Distance Squared optimization using SSE instruction set

K-MEANS / Distance Squared optimisation using SSE instruction

A long time ago, a friend ask me to try some KMEANS algorithm optimization.

The perfect piece of code candidate for optimization was selected: a little function used to calculate the distance squared between two points.

Like a good chocolate mousse, SSE2 was used to optimize and perform distance squared operation using “big register”

SSE2 (Streaming SIMD Extensions 2), is one of the Intel SIMD (Single Instruction, Multiple Data) processor supplementary instruction sets first introduced by Intel with the initial version of the Pentium 4 in 2001. It extends the earlier SSE instruction set, and is intended to fully replace MMX. Intel extended SSE2 to create SSE3 in 2004. SSE2 added 144 new instructions to SSE, which has 70 instructions. Competing chip-maker AMD added support for SSE2 with the introduction of their Opteron and Athlon 64 ranges of AMD64 64-bit CPUs in 2003.

Most of the SSE2 instructions implement the integer vector operations also found in MMX. They use the XMM registers instead of the MMX registers, which are wider and allow for significant performance improvements in specialized applications.

 

After several days of try/error, finally i reach to gain some time ( around  22% ) – So, yes assembler optimisation can be usefull but should be used for well selected part of code (innerloop). But assembler optimization still need expensive time to do.

 

A next try should be to use GPU capabilities to reduce time calculation. But need also to adapt the code to pass massive input/output data using specific texture buffer.

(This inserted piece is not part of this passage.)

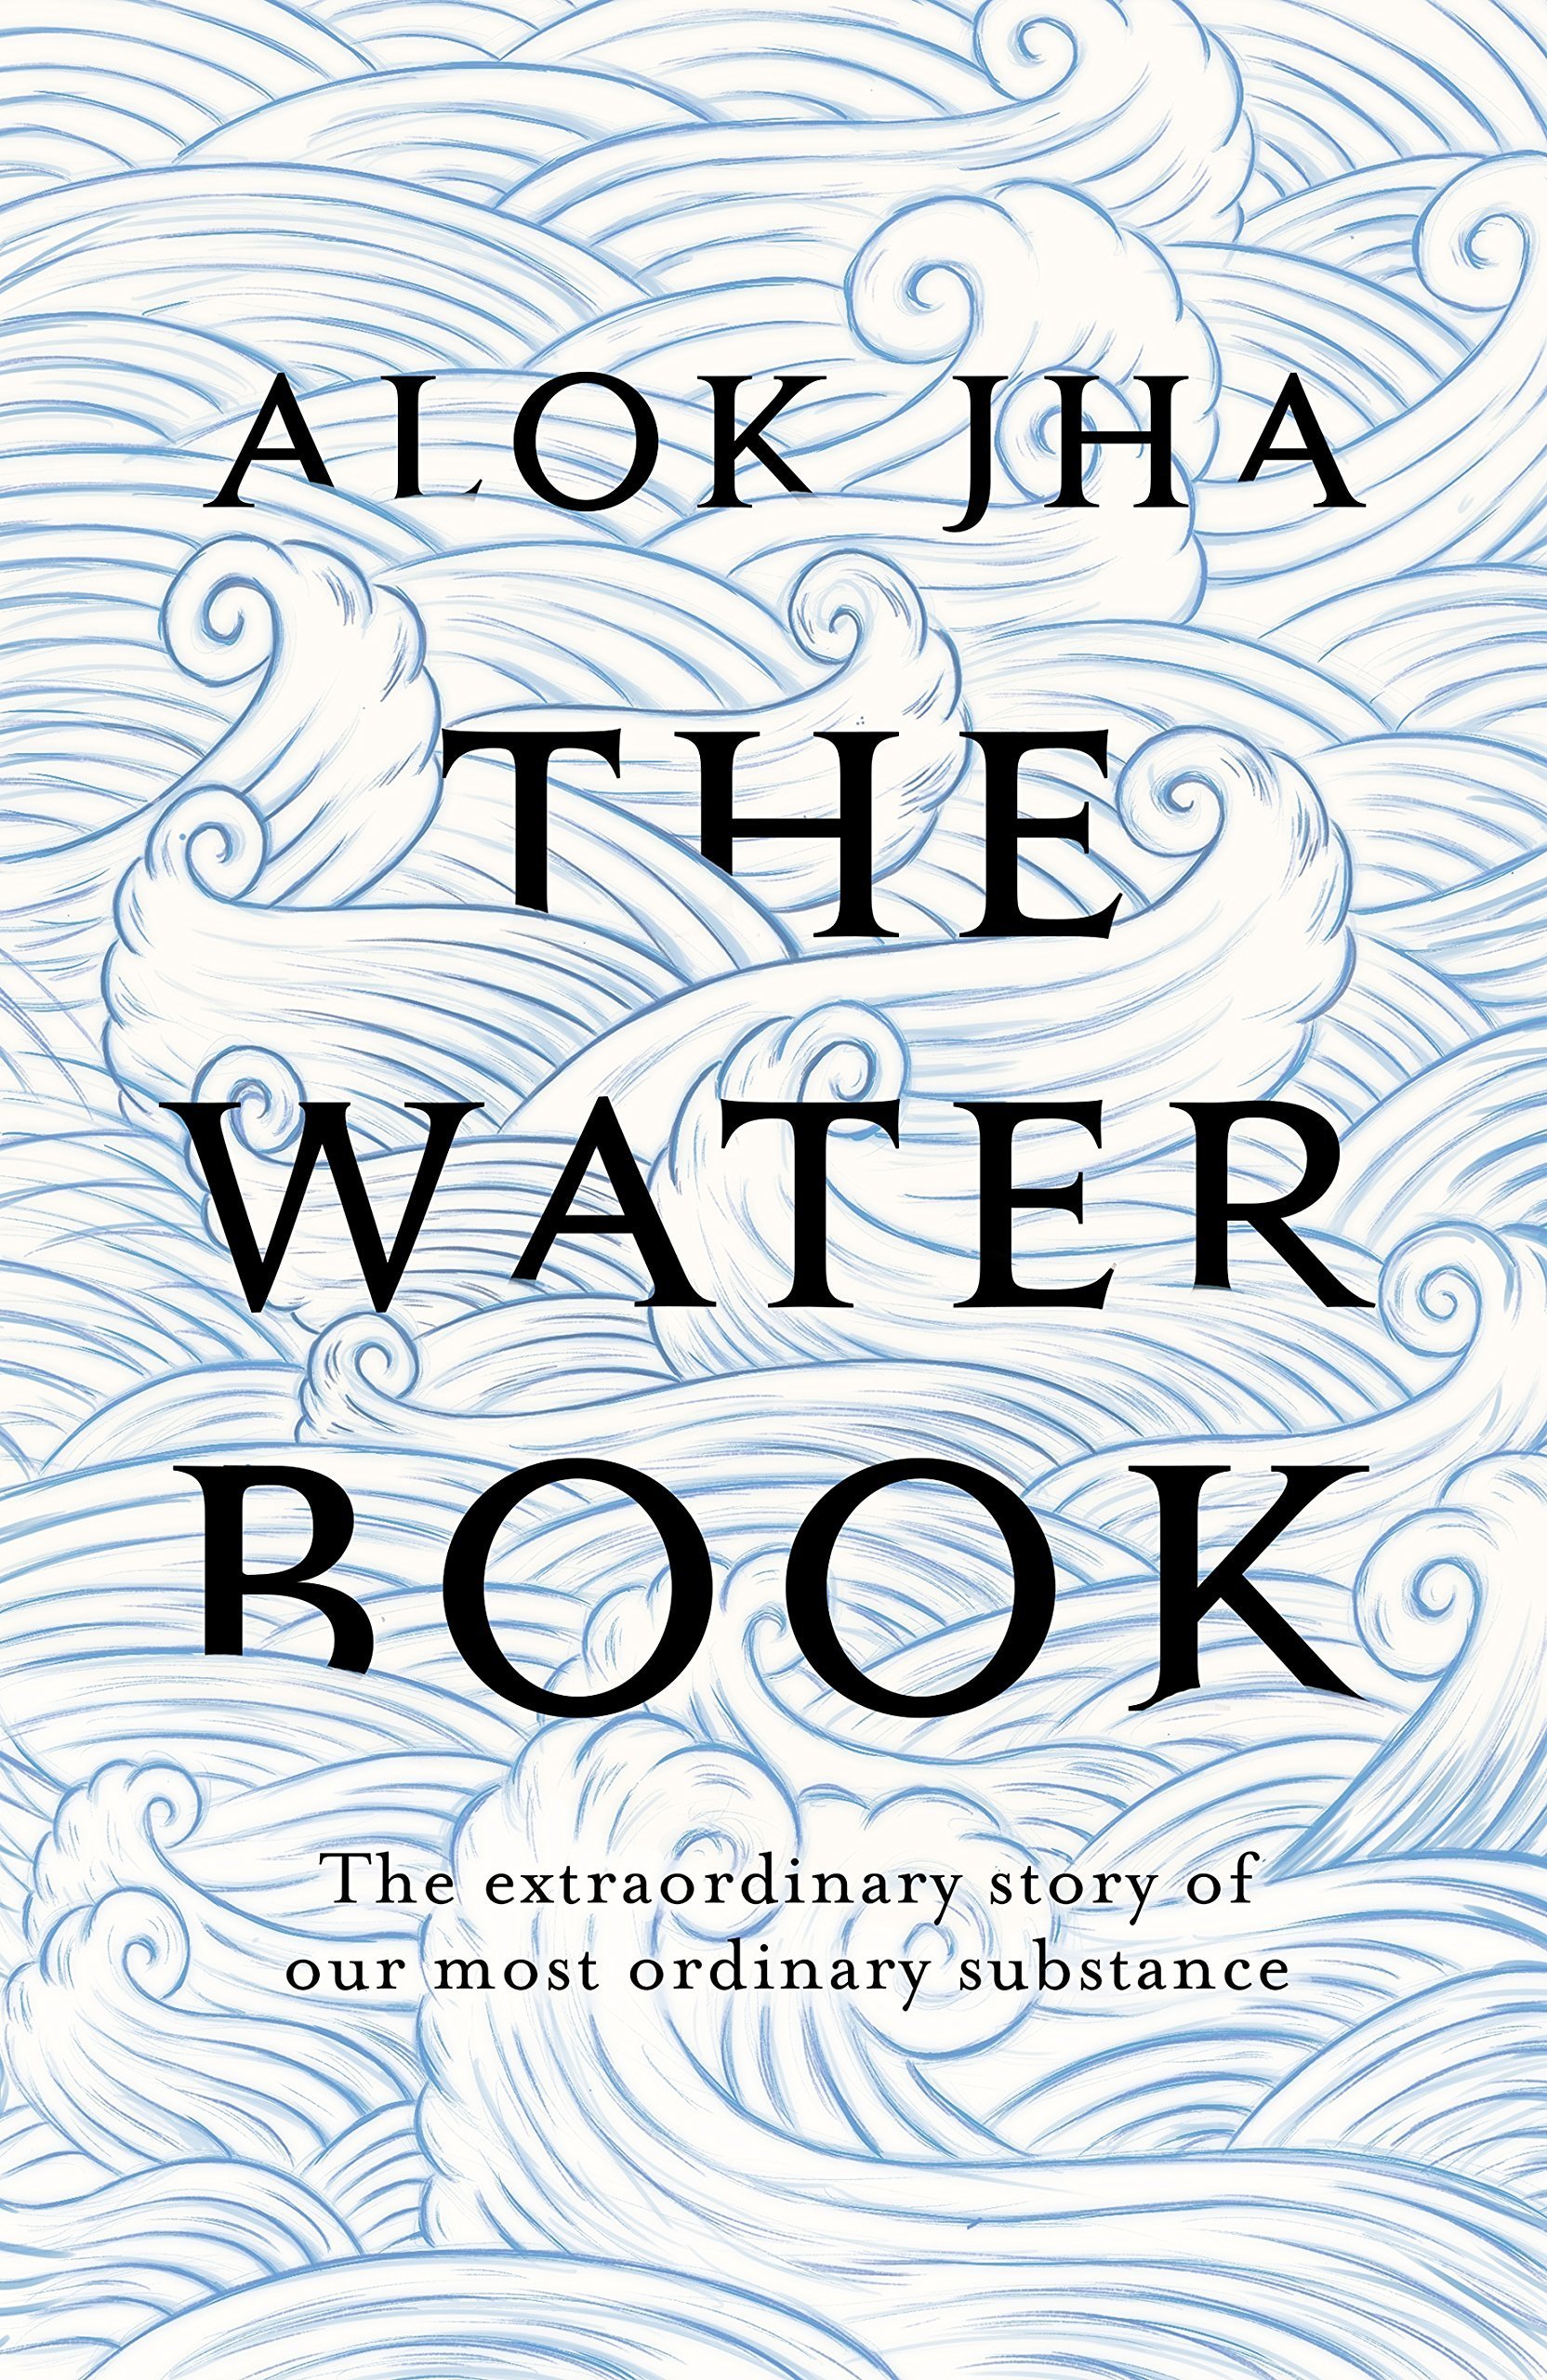 Be water book. Water book. Книги о воде. Вода голубая книга. Water be book.

Original C++ vs optimized SSE version

/**
 * Returns the distance squared between two points.
 **/
Scalar distSq(const Point &lhs, const Point &rhs) {
 ASSERT(lhs.getNumDimensions() == rhs.getNumDimensions());
 Scalar result = 0;
 for (int i = 0; i < lhs.getNumDimensions(); i++)
 result += (lhs[i] - rhs[i]) * (lhs[i] - rhs[i]);
 return result;
}	
double distSq(double* a,double* b)
{
 unsigned int i=0;
 unsigned int size = data->nCol; 
 double fres = 0.0;

__declspec(align(16)) double ftmp[2] = { 0.0, 0.0 };
 __m128d mres, mres1,mres2;
 __m128d m1,m2; 


 mres = _mm_xor_pd(mres,mres); 


 for (unsigned int i = 0; i < size / 16 ; i+=1)  {
   mres1 = _mm_sub_pd(_mm_loadu_pd(&a[16*i]),_mm_loadu_pd(&b[16*i])); 
   m1 = _mm_mul_pd(mres1,mres1); 
   mres2 = _mm_sub_pd(_mm_loadu_pd(&a[16*i+2]),_mm_loadu_pd(&b[16*i+2])); 
   mres = _mm_add_pd(mres,m1);// 
   m2 = _mm_mul_pd(mres2,mres2); 
   mres1 = _mm_sub_pd(_mm_loadu_pd(&a[16*i+4]),_mm_loadu_pd(&b[16*i+4])); 
   mres = _mm_add_pd(mres,m2);// 
   m1 = _mm_mul_pd(mres1,mres1); 
   mres2 = _mm_sub_pd(_mm_loadu_pd(&a[16*i+6]),_mm_loadu_pd(&b[16*i+6])); 
   mres = _mm_add_pd(mres,m1);// 
   m2 = _mm_mul_pd(mres2,mres2); 
   mres1 = _mm_sub_pd(_mm_loadu_pd(&a[16*i+8]),_mm_loadu_pd(&b[16*i+8])); 
   mres = _mm_add_pd(mres,m2);// 
   m1 = _mm_mul_pd(mres1,mres1); 
   mres2 = _mm_sub_pd(_mm_loadu_pd(&a[16*i+10]),_mm_loadu_pd(&b[16*i+10])); 
   mres = _mm_add_pd(mres,m1);// 
   m2 = _mm_mul_pd(mres2,mres2); 
   mres1 = _mm_sub_pd(_mm_loadu_pd(&a[16*i+12]),_mm_loadu_pd(&b[16*i+12])); 
   mres = _mm_add_pd(mres,m2);// 
   m1 = _mm_mul_pd(mres1,mres1); 
   mres2 = _mm_sub_pd(_mm_loadu_pd(&a[16*i+14]),_mm_loadu_pd(&b[16*i+14])); 
   mres = _mm_add_pd(mres,m1);// 
   m2 = _mm_mul_pd(mres2,mres2); 
   mres = _mm_add_pd(mres,m2);// 
 }
 _mm_store_pd(ftmp, mres); 
fres = ftmp[0] + ftmp[1]; 

 if ((size % 16) != 0) {
   for (unsigned int i = size - (size % 16); i < size; i++) fres += (a[i]-b[i]) * (a[i]-b[i]);
 }
 return fres;
}

Test Result

RUNNING K-MEANS WITH UNIFORM SEEDING, looking for 25 clusters
=============================================================

Original : Potential at 140 iterations: 1.50983e+008 at Time: 2.21731

SSE optimized : Potential at 140 iterations: 1.50983e+008 at Time: 1.74357 + 21,3%

RUNNING K-MEANS++, looking for 25 clusters
==========================================

Original : Potential at 30 iterations: 1.64884e+007 at Time: 0.471352

SSE optimized : Potential at 30 iterations: 1.64884e+007 at Time: 0.368786 + 21,7%

RUNNING K-MEANS++ WITH RETRIES DURING SEEDING, looking for 25 clusters
======================================================================

Original : Potential at 45 iterations: 1.62709e+007 at Time: 0.705721

SSE optimized : Potential at 45 iterations: 1.62709e+007 at Time: 0.552436  + 21,8%